- Location: 68 Camden Park Road
- Coordinates: 51°24′38″N 0°03′41″E﻿ / ﻿51.410571°N 0.061435°E
- Built: 1899
- Built by: William Willett
- Architect: Ernest Newton

= Derwent House =

Derwent House, on Camden Park Road, Chislehurst, Bromley, is one of a number of the locally renowned 'Willett-built' houses erected on the Camden Park Estate by high-class speculative builder William Willett in the 1900s.

Willett bought the entire estate in 1890 with the intention of building on it all but the venture was not successful and he erected only a small number of houses there and on Wilderness Road. The remainder of the estate became the Chislehurst Golf Club with the mansion, Camden Place, becoming its clubhouse.

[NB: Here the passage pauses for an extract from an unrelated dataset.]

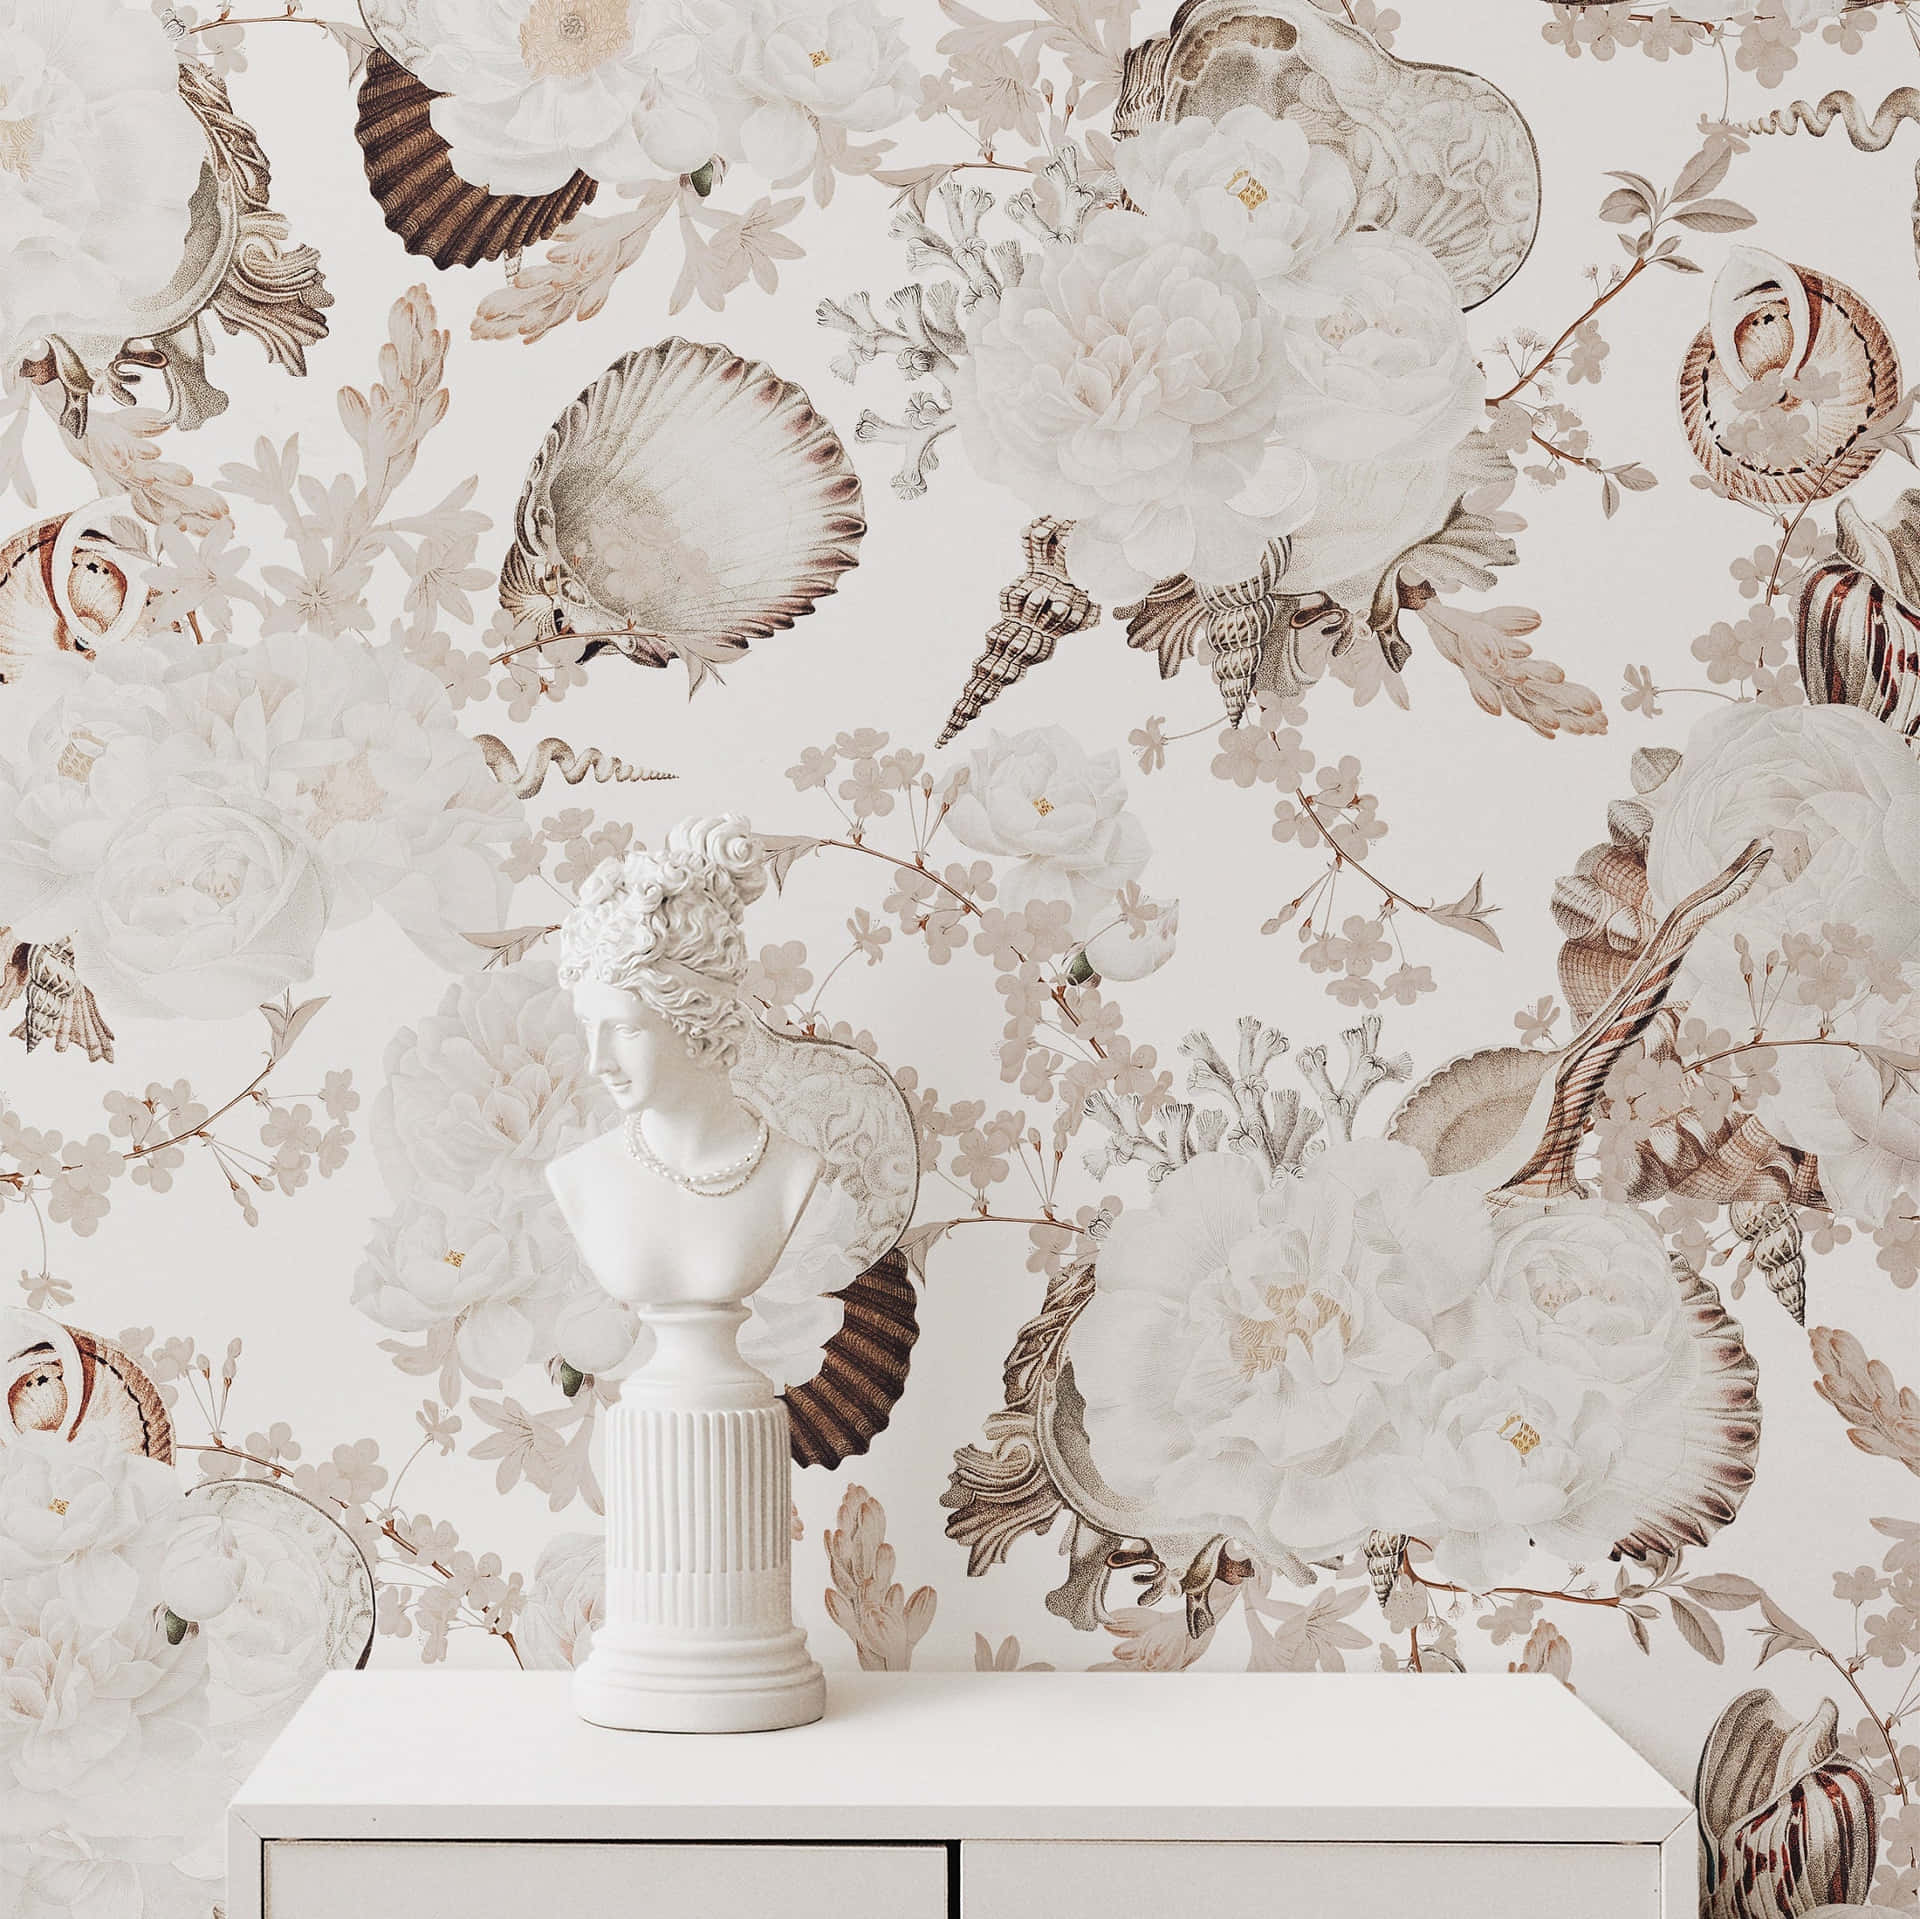 Eineweiße Vase Mit Einer Blumenvase Darauf Wallpaper

Derwent House was erected in 1899. The design is inspired by the Arts and Crafts movement. It is of red brick in with a red clay tiled roof. It was designed by Ernest Newton and a ballroom was added in 1903 by Amos Faulkner (Willett's in-house architect). Faulkner also designed the detached motor house with carriage-wash canopy. Derwent is a Grade II listed building located within the Chislehurst Conservation Area. Willett lived in a similar Newton house further along at 88 Camden Park Road. A blue plaque on that building commemorates Willett as the promoter of daylight saving time.